--- What you need to do ---
The required answer is the run of lines from the one holding "3 stare monety z 1970 roku" to the end of the data below, copied exactly and free of pictures.

--- Data extract ---
Segment Open
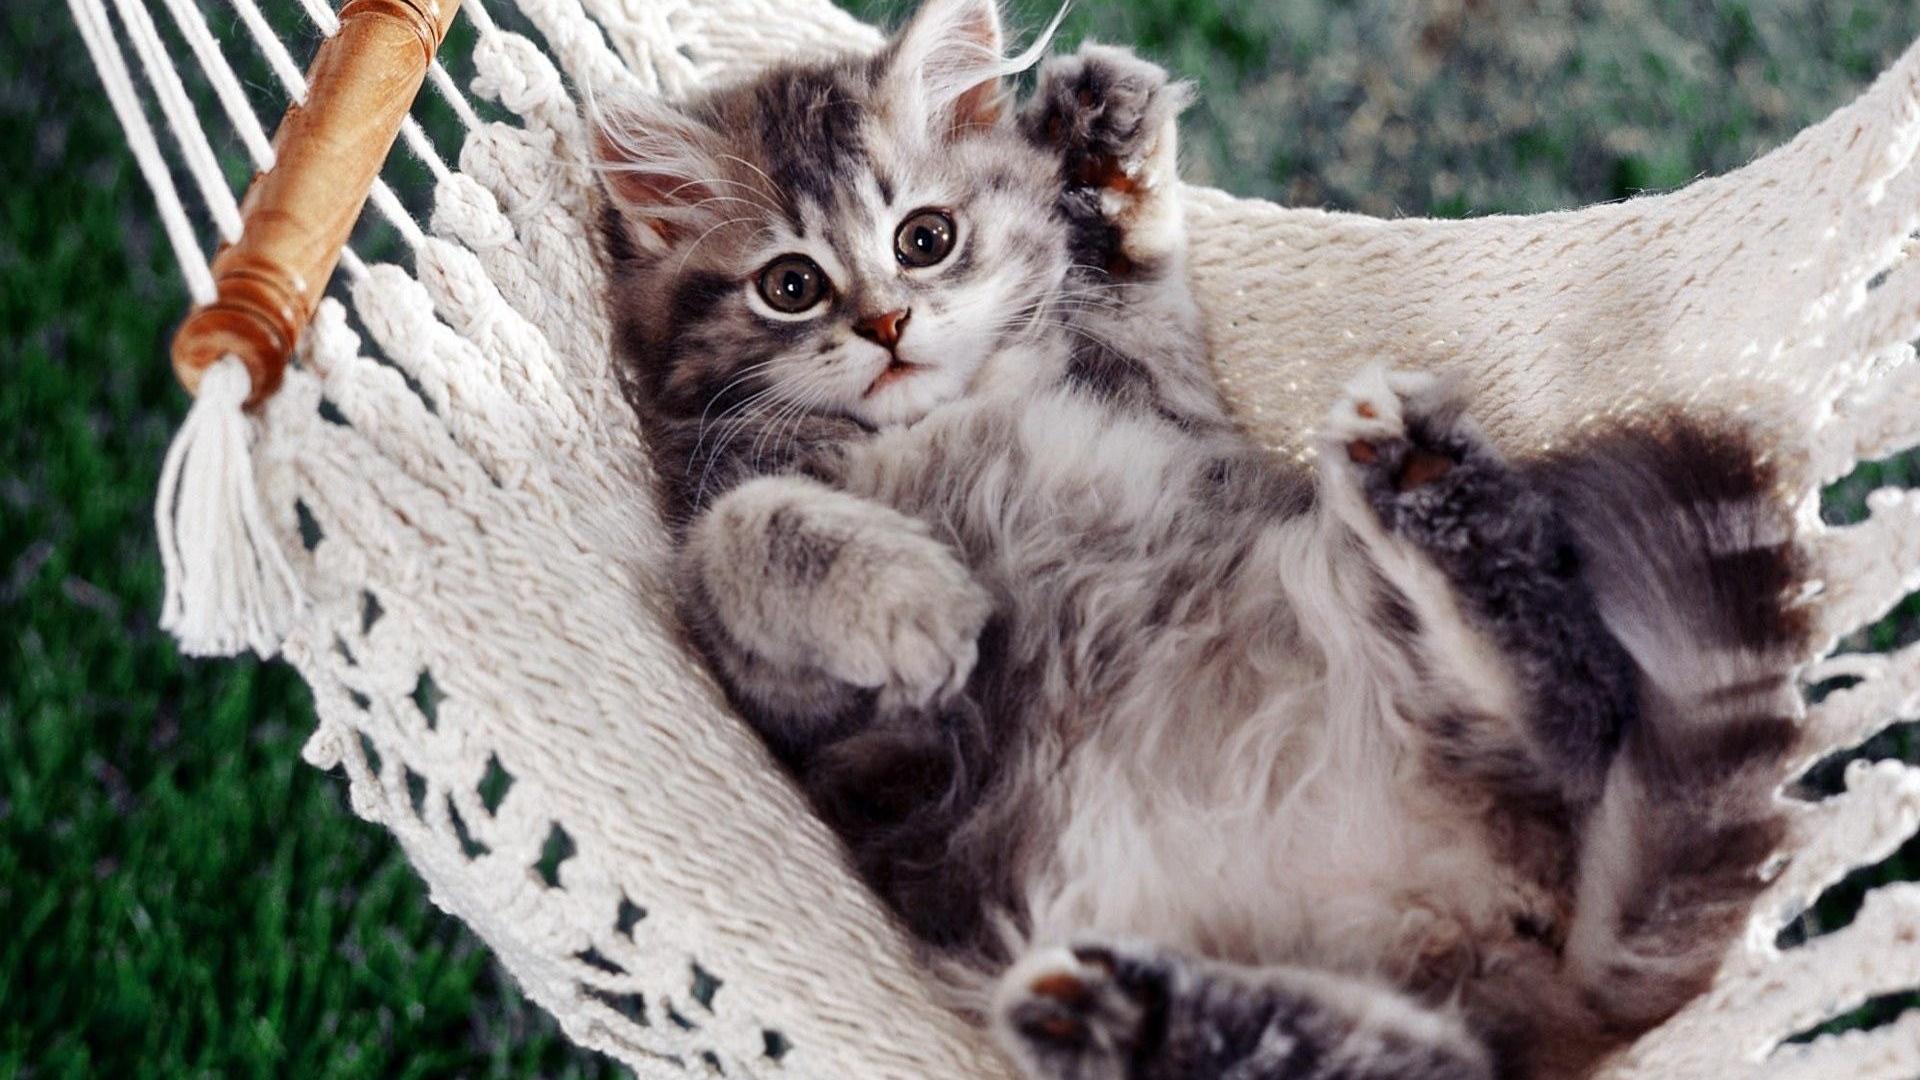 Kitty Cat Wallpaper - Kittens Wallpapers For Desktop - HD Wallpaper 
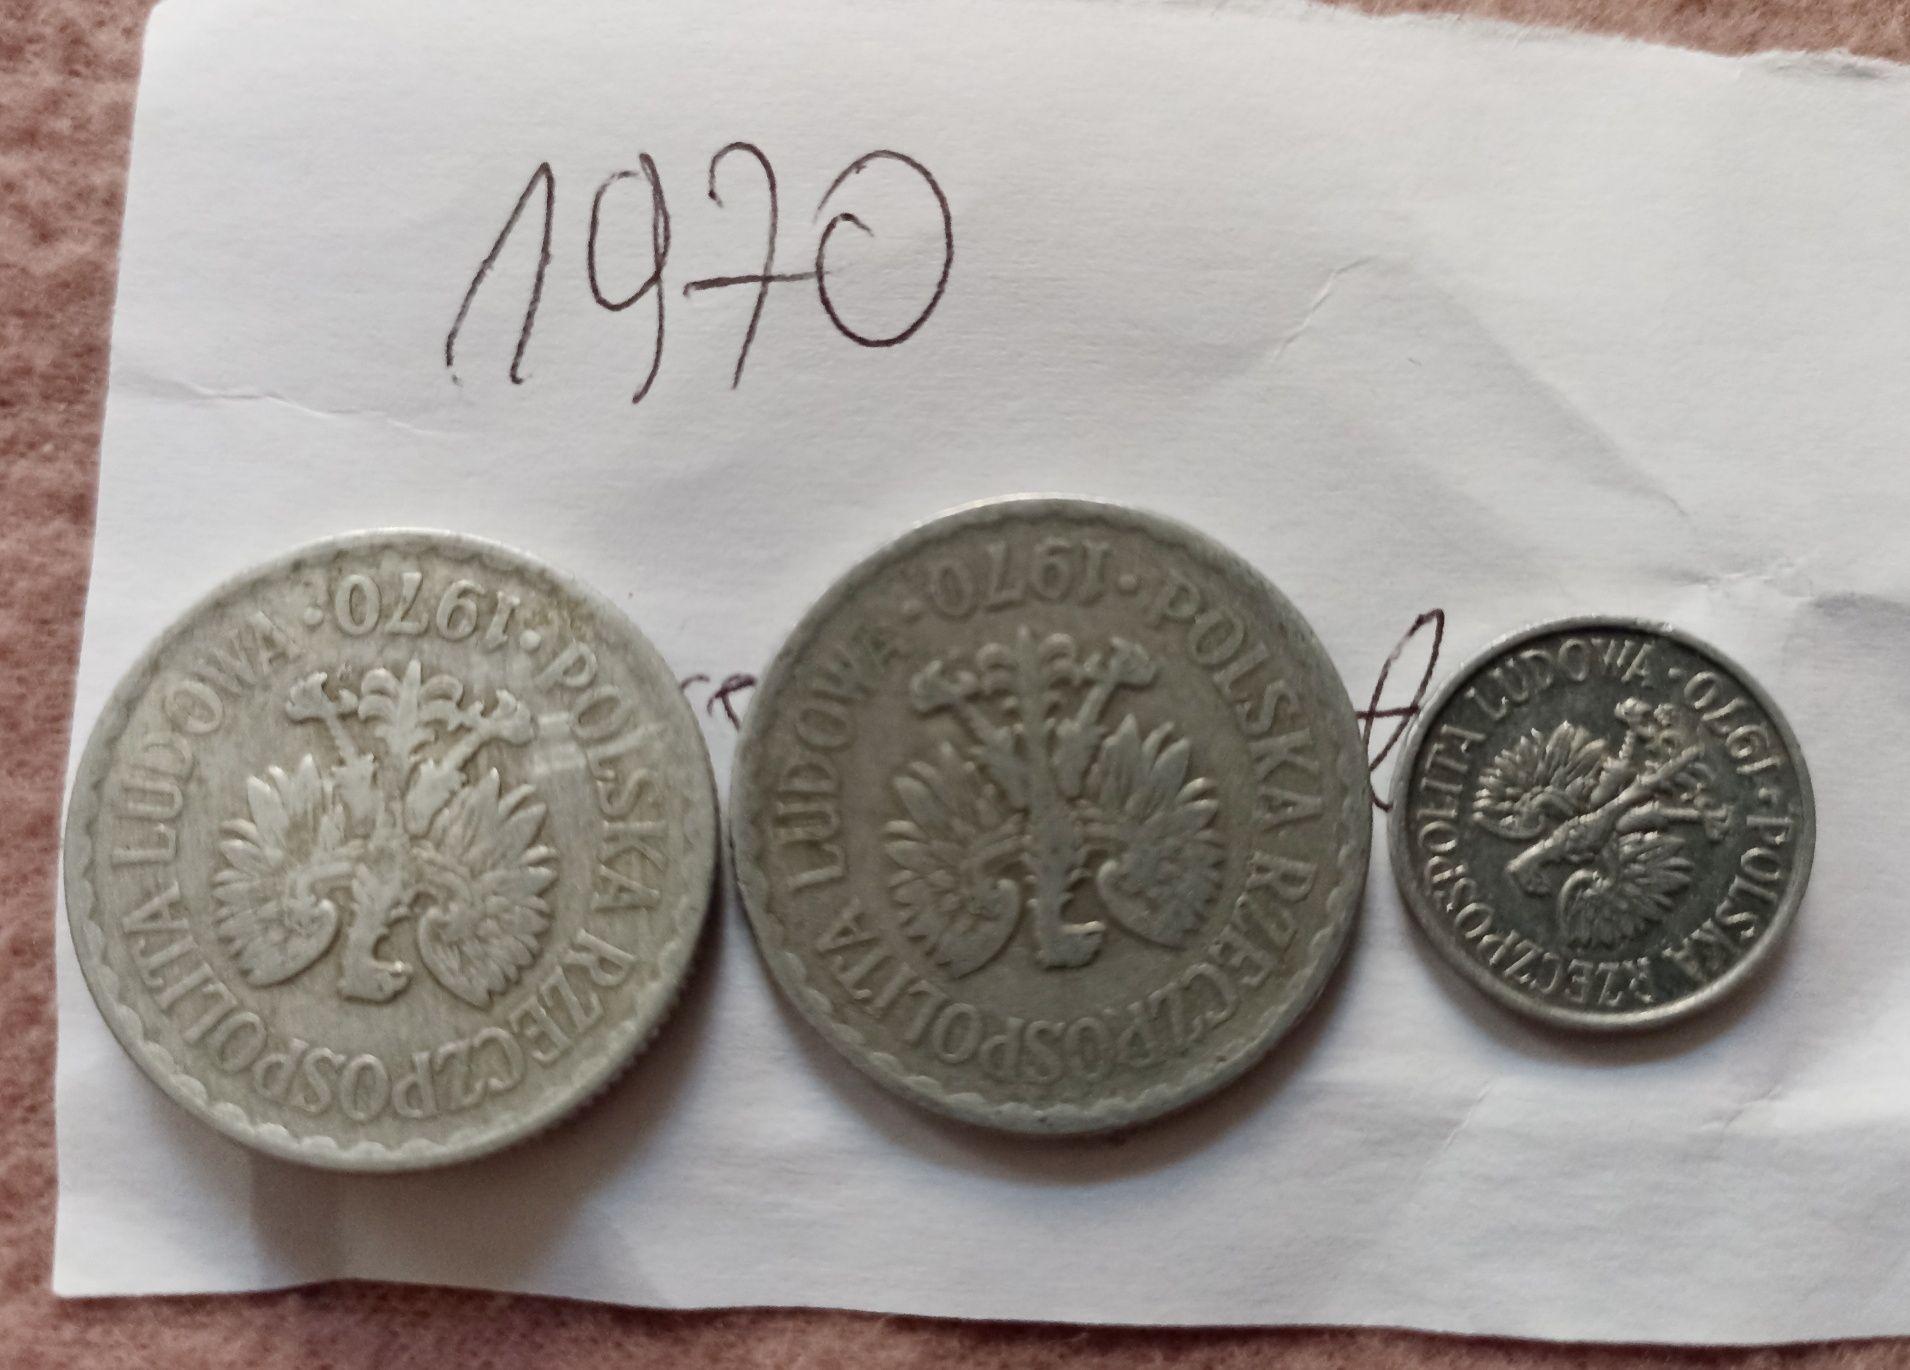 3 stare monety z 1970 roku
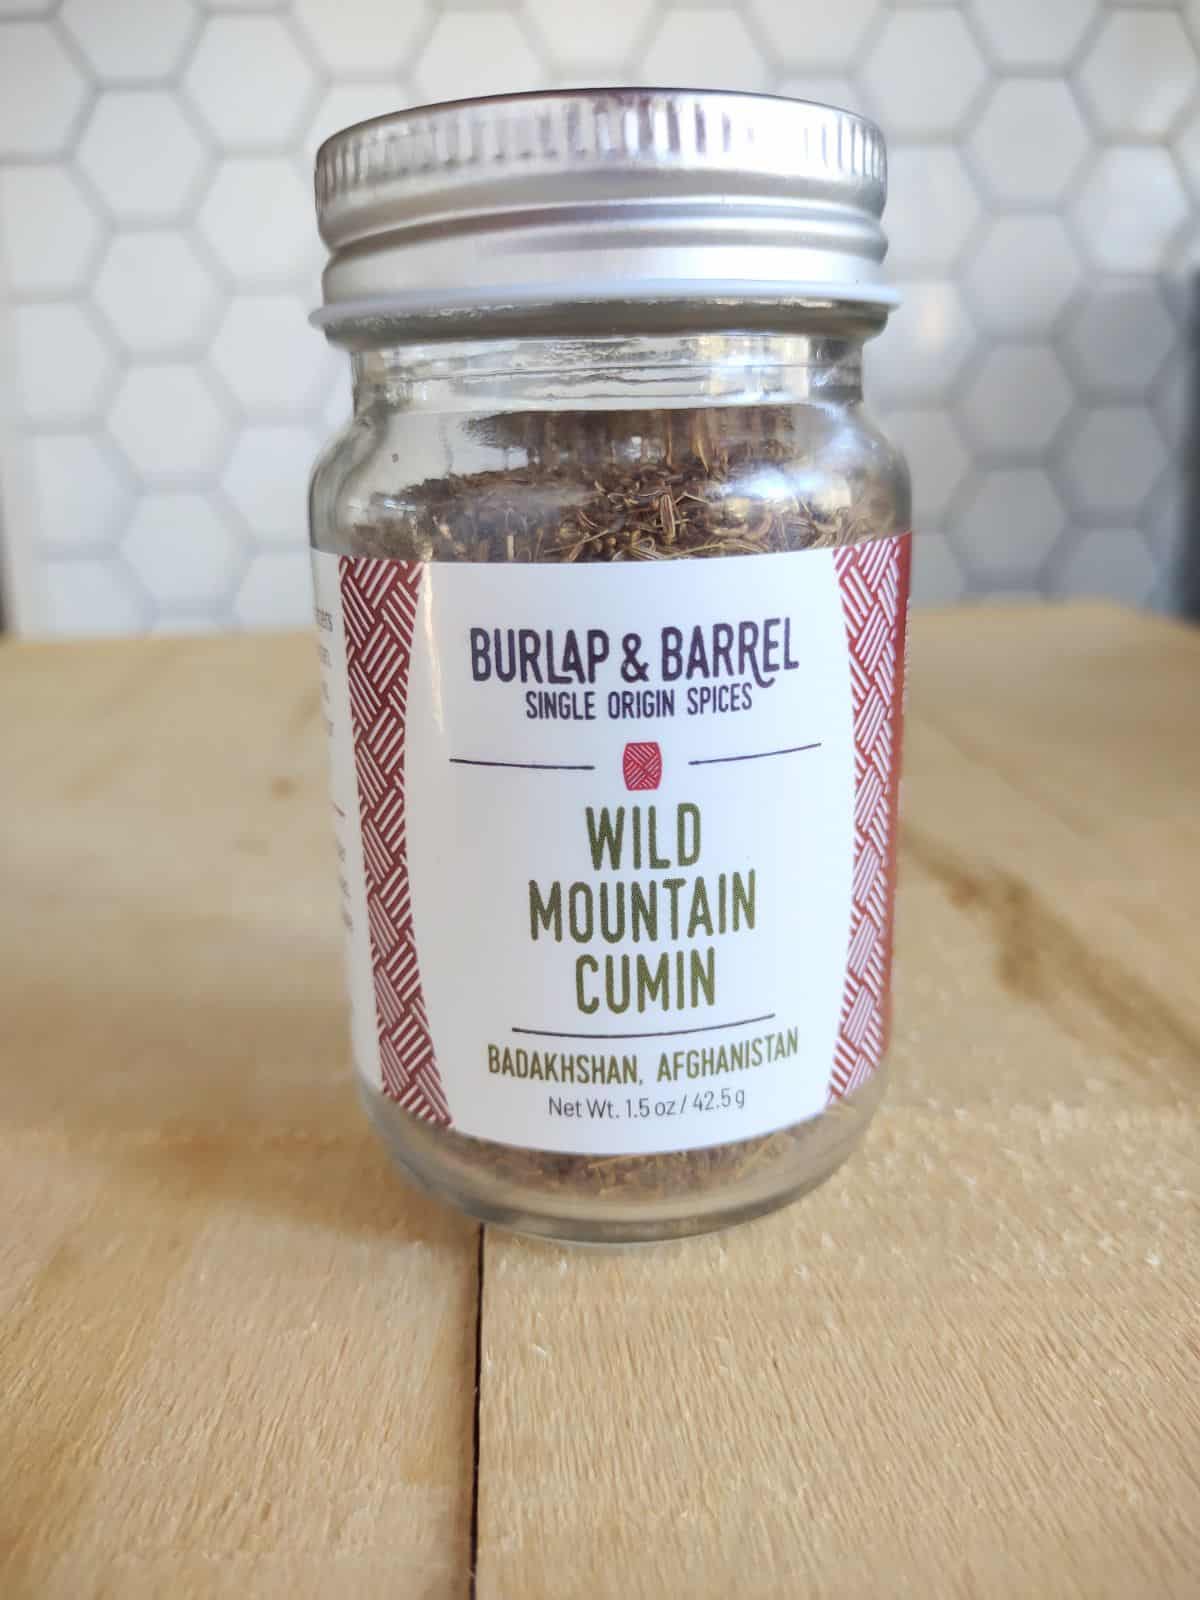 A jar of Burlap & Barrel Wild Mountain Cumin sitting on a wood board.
Segment Closed
--- Result ---
 3 stare monety z 1970 roku
 A jar of Burlap & Barrel Wild Mountain Cumin sitting on a wood board.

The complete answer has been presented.